---------- Available data

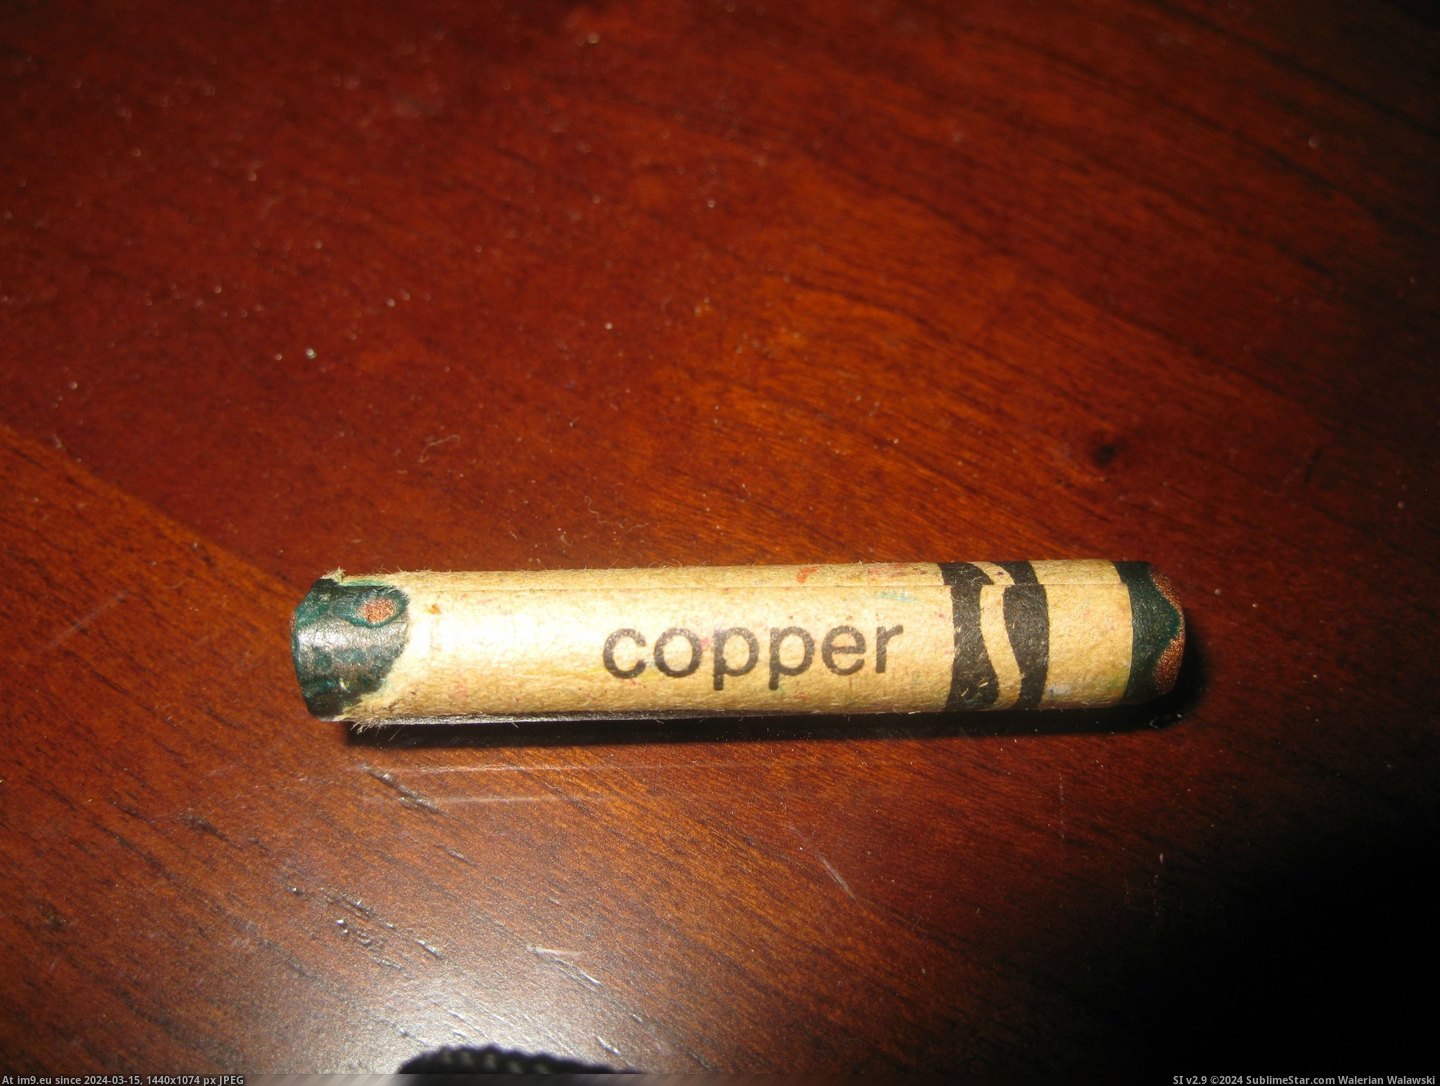 #Old #Can #Green #Copper #Tarnish #Turn #Colored #Crayons [Mildlyinteresting] Copper-colored crayons can actually tarnish and turn green if they're old enough 1 Pic. (Изображение из альбом My r/MILDLYINTERESTING favs))
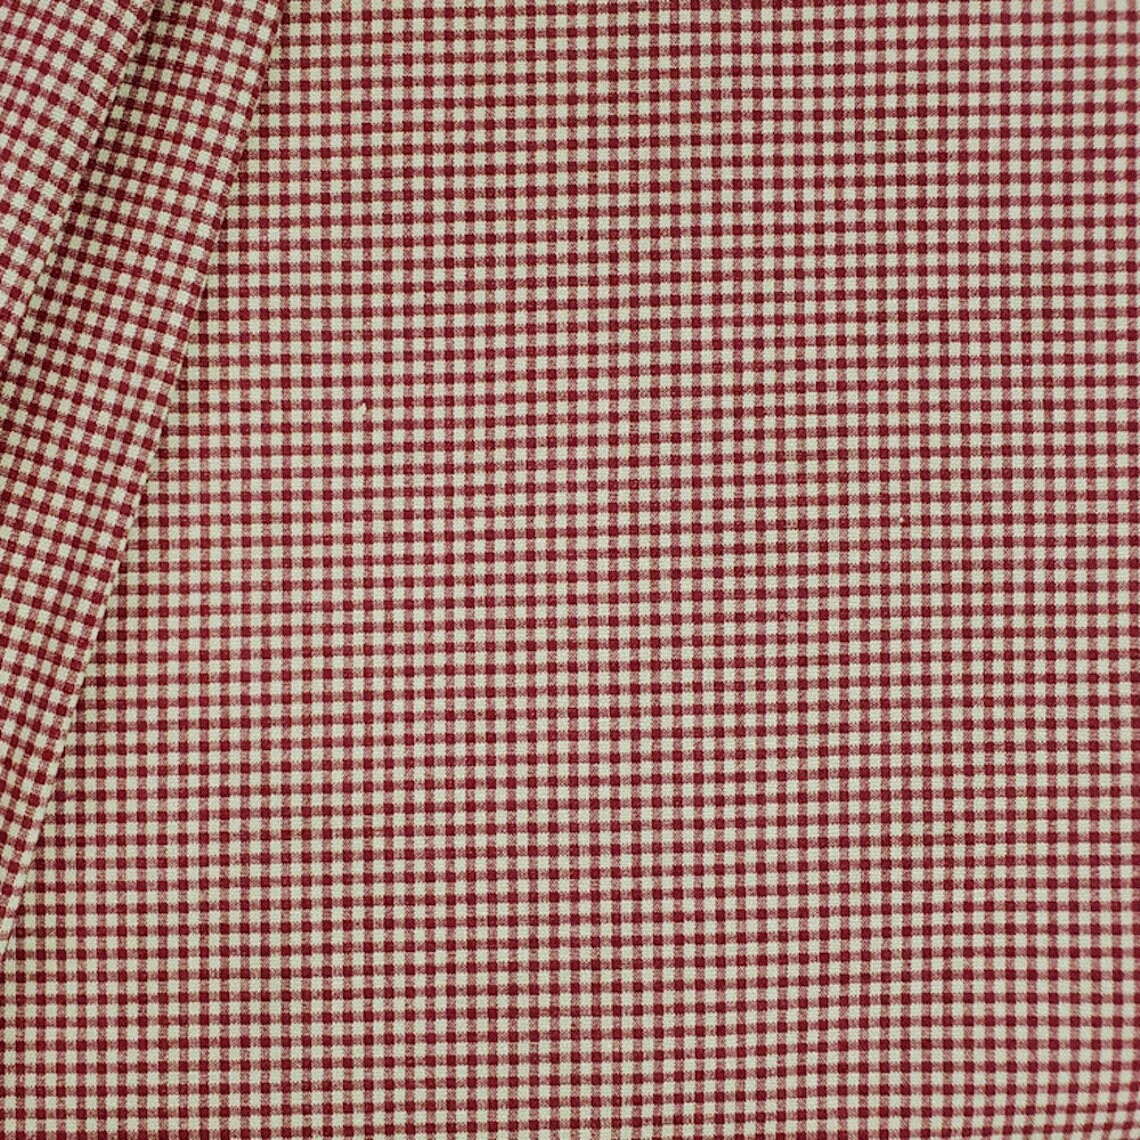 empress swag valance in farmhouse red gingham check on beige
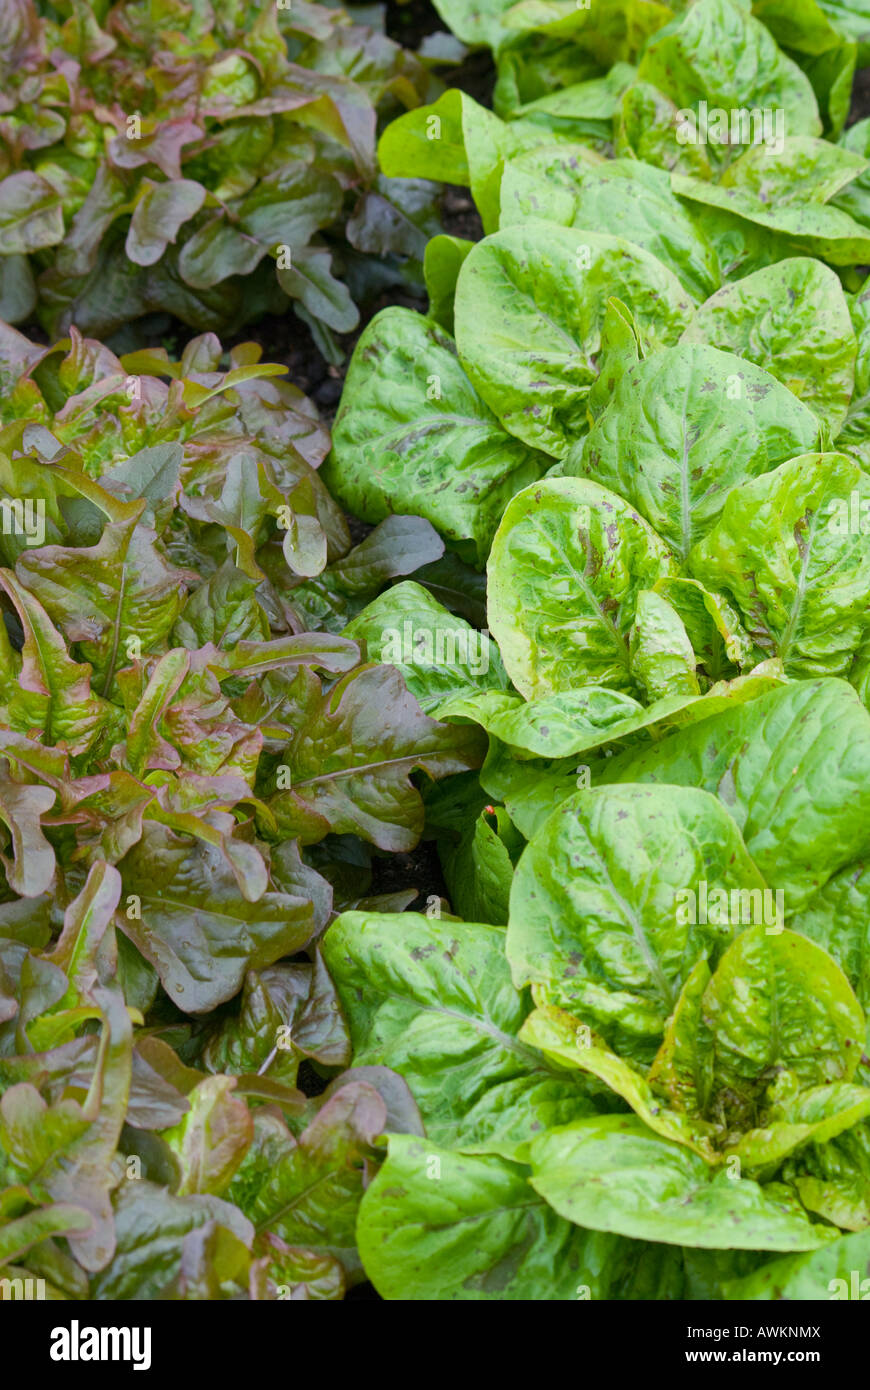 Two varieties of lettuce Stock Photo

--------------------

▸ **What the exercise asks**:
Each line above should be written out again unchanged; no images are to be carried over.

▸ **Answer box**:
 #Old #Can #Green #Copper #Tarnish #Turn #Colored #Crayons [Mildlyinteresting] Copper-colored crayons can actually tarnish and turn green if they're old enough 1 Pic. (Изображение из альбом My r/MILDLYINTERESTING favs))
 empress swag valance in farmhouse red gingham check on beige
 Two varieties of lettuce Stock Photo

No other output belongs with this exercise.